The plurality of phosphors may be, for example, a plurality of dyes, particularly a plurality of fluorescent dyes. The phosphors may be, for example, phosphors (dyes) known in the technical field of flow cytometry. Examples of the fluorescent dyes can include, but are not limited to, Cascade Blue, Pacific Blue, Fluorescein isothiocyanate (FITC), AleaFluor 488, Phycoerythrin (PE), Propidium iodide (PI), Texas Red (TR), PE-efluor 610, PE/Dazzle 594, ECD (PE-TxRed), PE-CF 594, PE-Vio 615, 7-AAD, PE/Cy5, Peridinin chlorophyll protein (PerCP), PerCP/Cy 5.5, PerCP/eFluor 710, PE/Cy7, Allophycocyanin (APC), AlexaFluor 647, AlexaFluor 700, APC-AlexaFluor 700, APC/Fire 750, APC/eFluor 780, APC/H7, Brilliant Violet (BV421), BD Horizon V450, eFluor 450, Pacific Blue, 4′, 6-Diamidino-2-phenylindole (DAPI), AmCyan, BD Horizon V500, Brilliant Violet 510, Pacific Orange, Brilliant Violet 570, Brilliant Violet 605, Brilliant Violet 650, eFluor 650 NC, Brilliant Violet 711, Brilliant Violet 785, Cy3, Cy5, and Cy7. In addition, the fluorescent dye may be a fluorescent dye described in Examples described later.

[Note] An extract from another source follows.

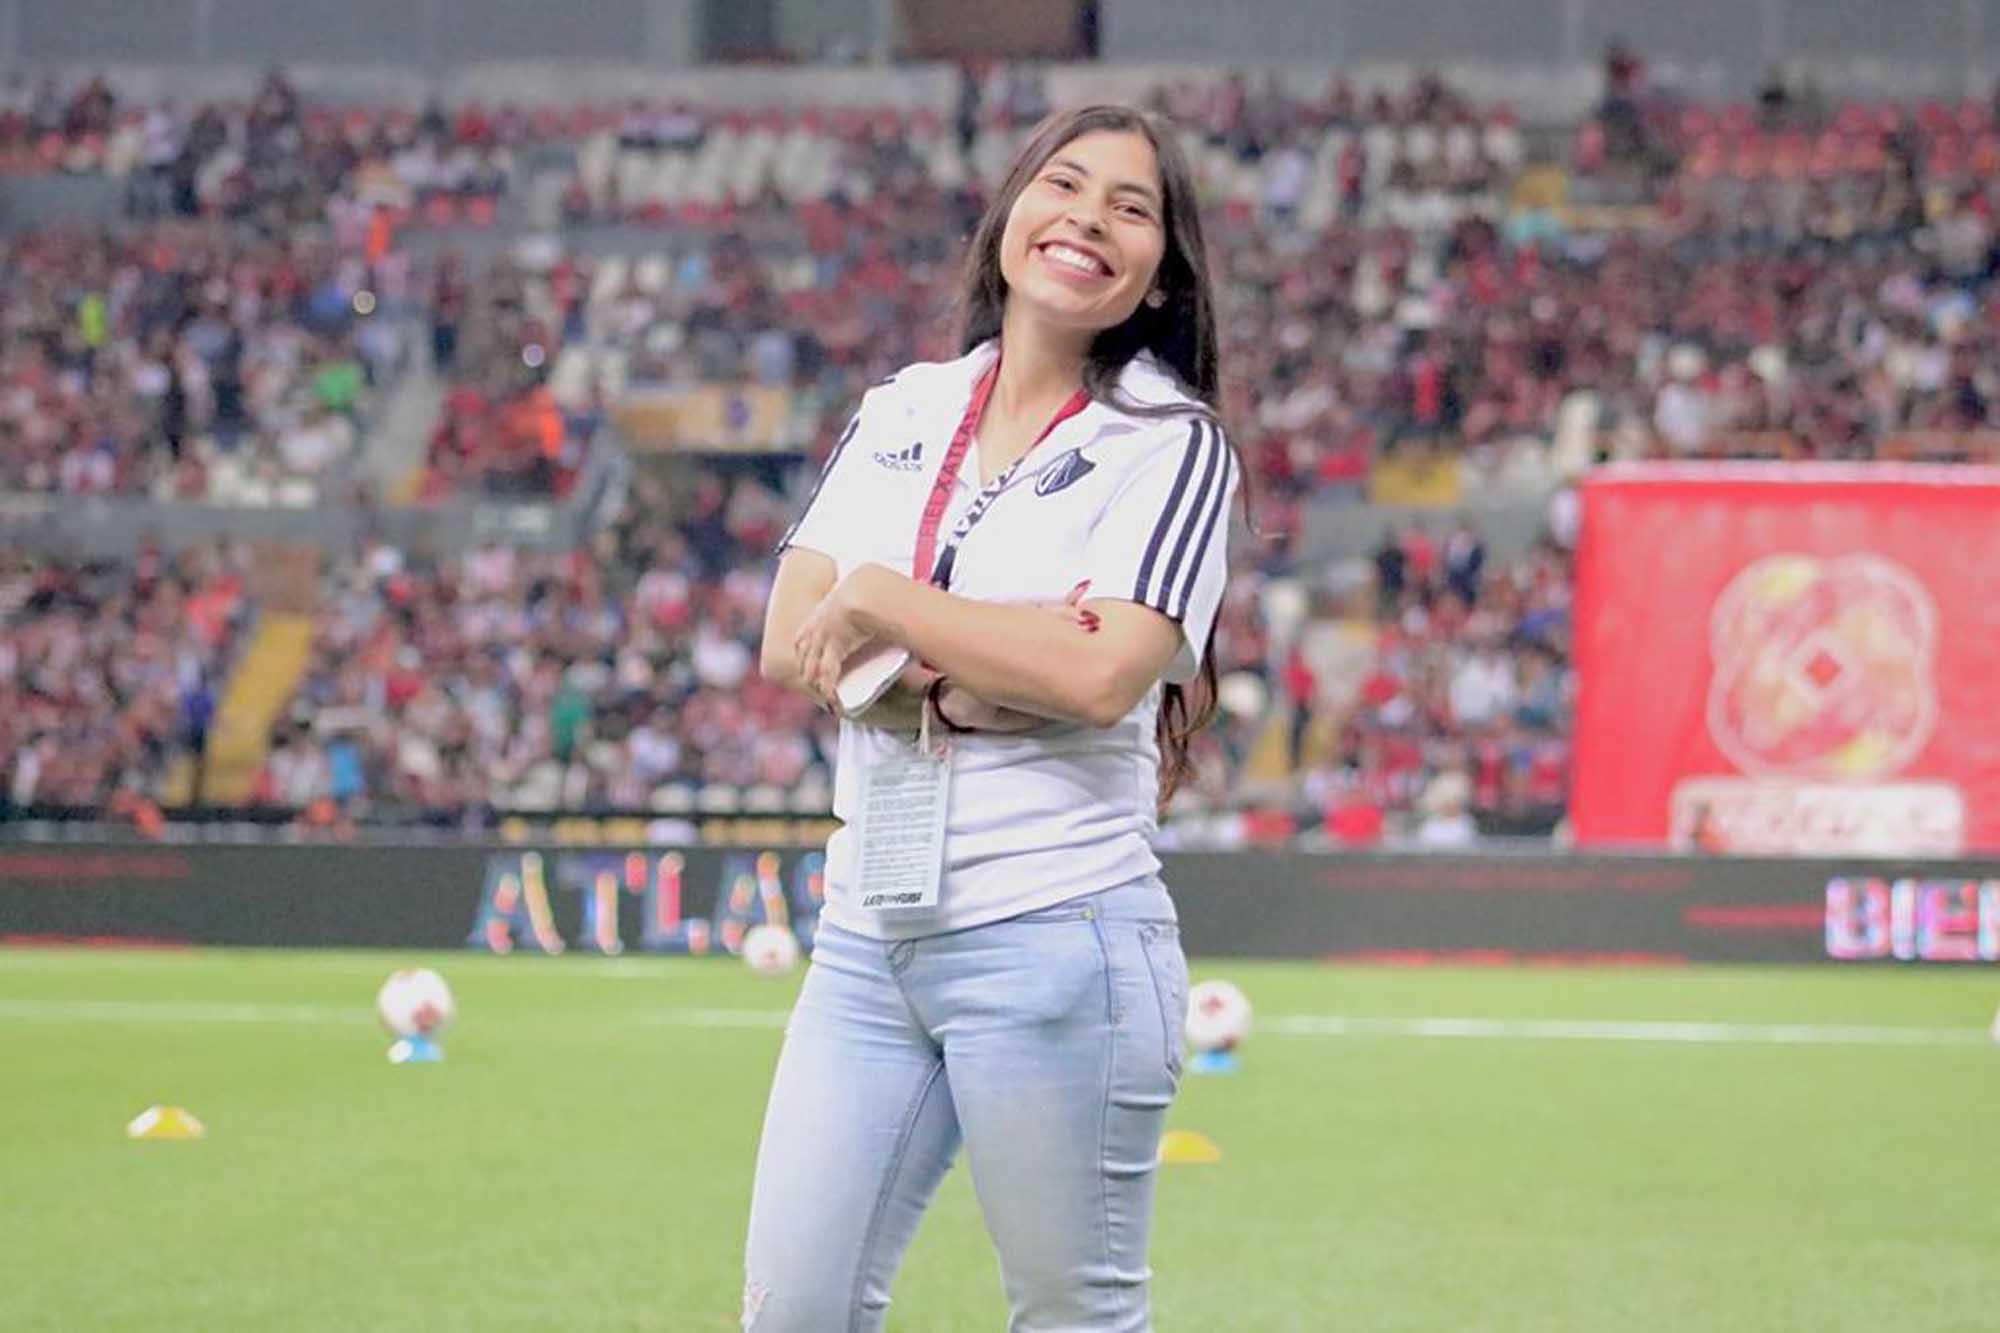 Natalia Cebreros 220421
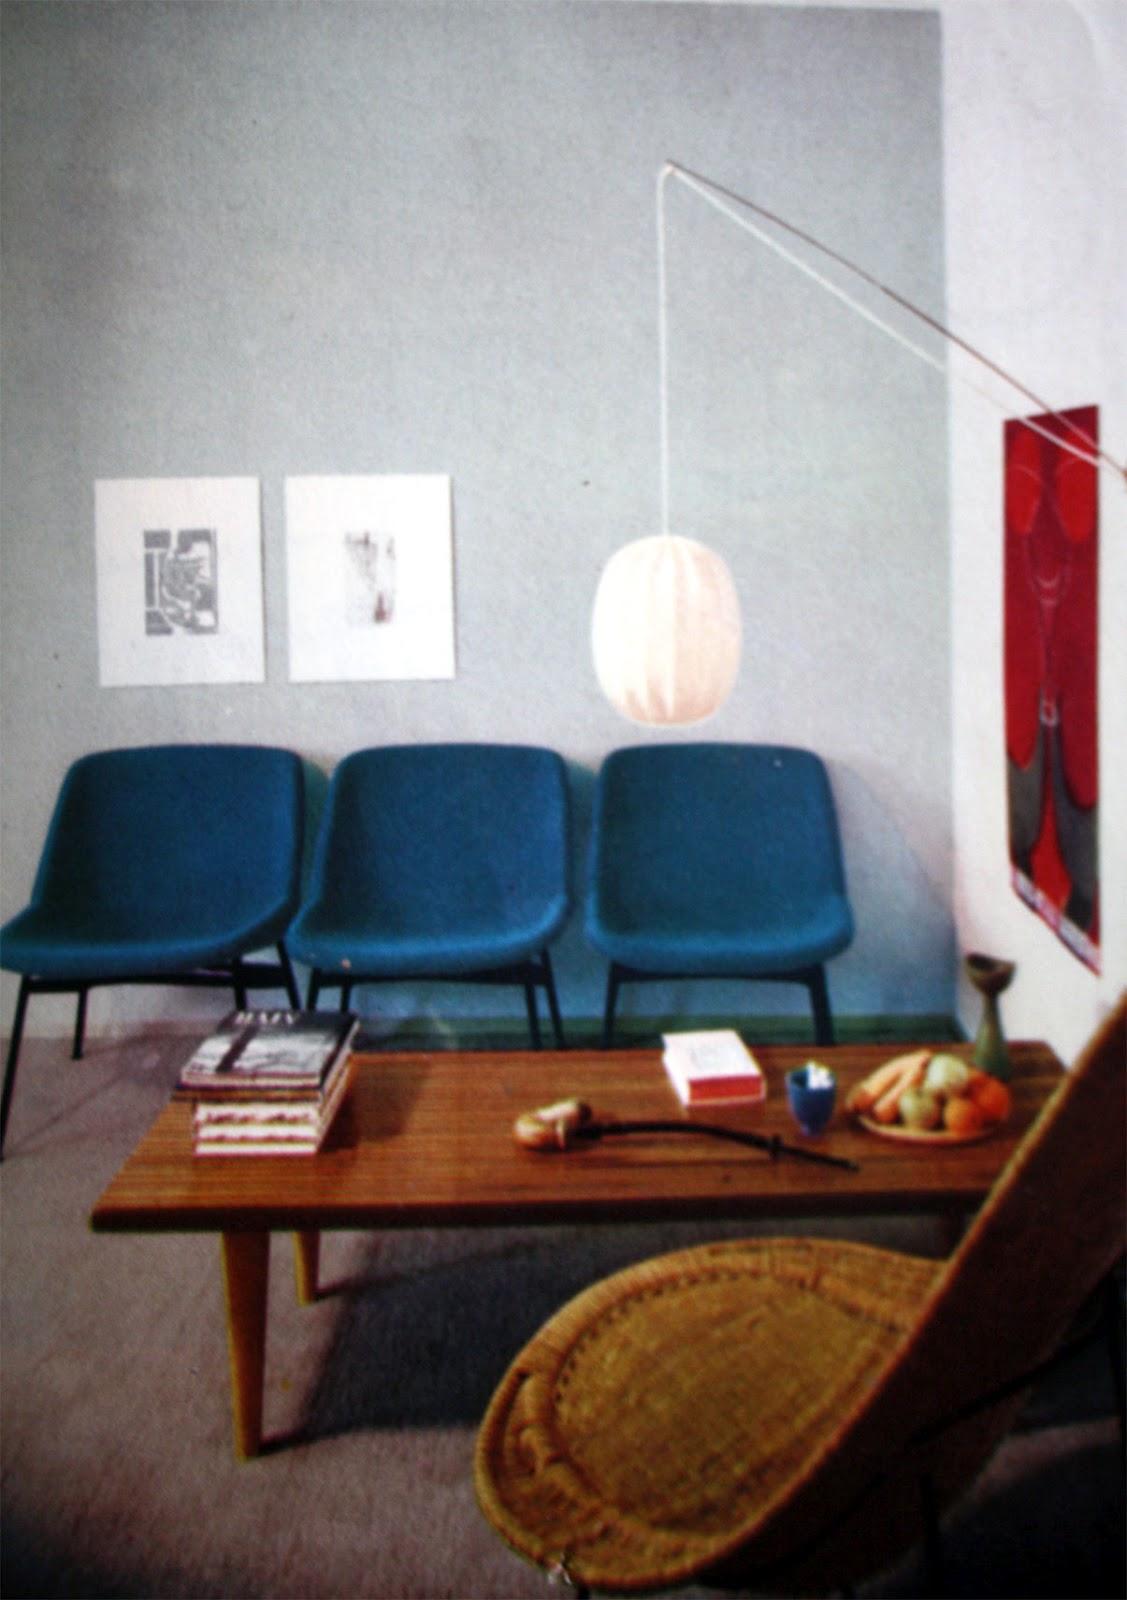 S:t Olofs Antik o Retro blogg: Lite inspiration från 50-60 talet

The particle population may be, for example, a particle population labeled with 5 or more phosphors, and more preferably a particle population labeled with 8 or more, 10 or more, 15 or more, or 20 or more phosphors. The particle population may be a particle population labeled with 22 or more types, 24 or more types, or 26 or more types of phosphors. The particle population may be, for example, a particle population labeled with 50 or less types, 45 or less types, or 40 or less types of phosphors. The particle analysis system according to the present technology is excellent in fluorescence separation performance, and is appropriate for analysis of a particle population labeled with such various types of phosphors (fluorescent dyes).

The present technology also provides a particle analysis device including a detection unit that detects light generated by irradiating particles flowing in a flow path with light. The detection unit may include at least one photodetector that detects light generated by irradiating the particles with light by the light irradiation unit. Further, the at least one fluorescence detector may include a light reception element array, and the at least one photodetector may be configured such that some of light reception elements included in the light reception element array do not perform signal transmission or may be controlled such that some of light reception elements included in the light reception element array do not perform signal transmission in accordance with a wavelength of the light. Since the particle analysis device according to the present technology includes the detection unit, a signal transmission amount can be reduced.

The detection unit has been described above in the foregoing (2-3), and the description also applies to the present embodiment.

The particle analysis device according to the present technology may include the light irradiation unit described in the foregoing (2-1) in addition to the detection unit.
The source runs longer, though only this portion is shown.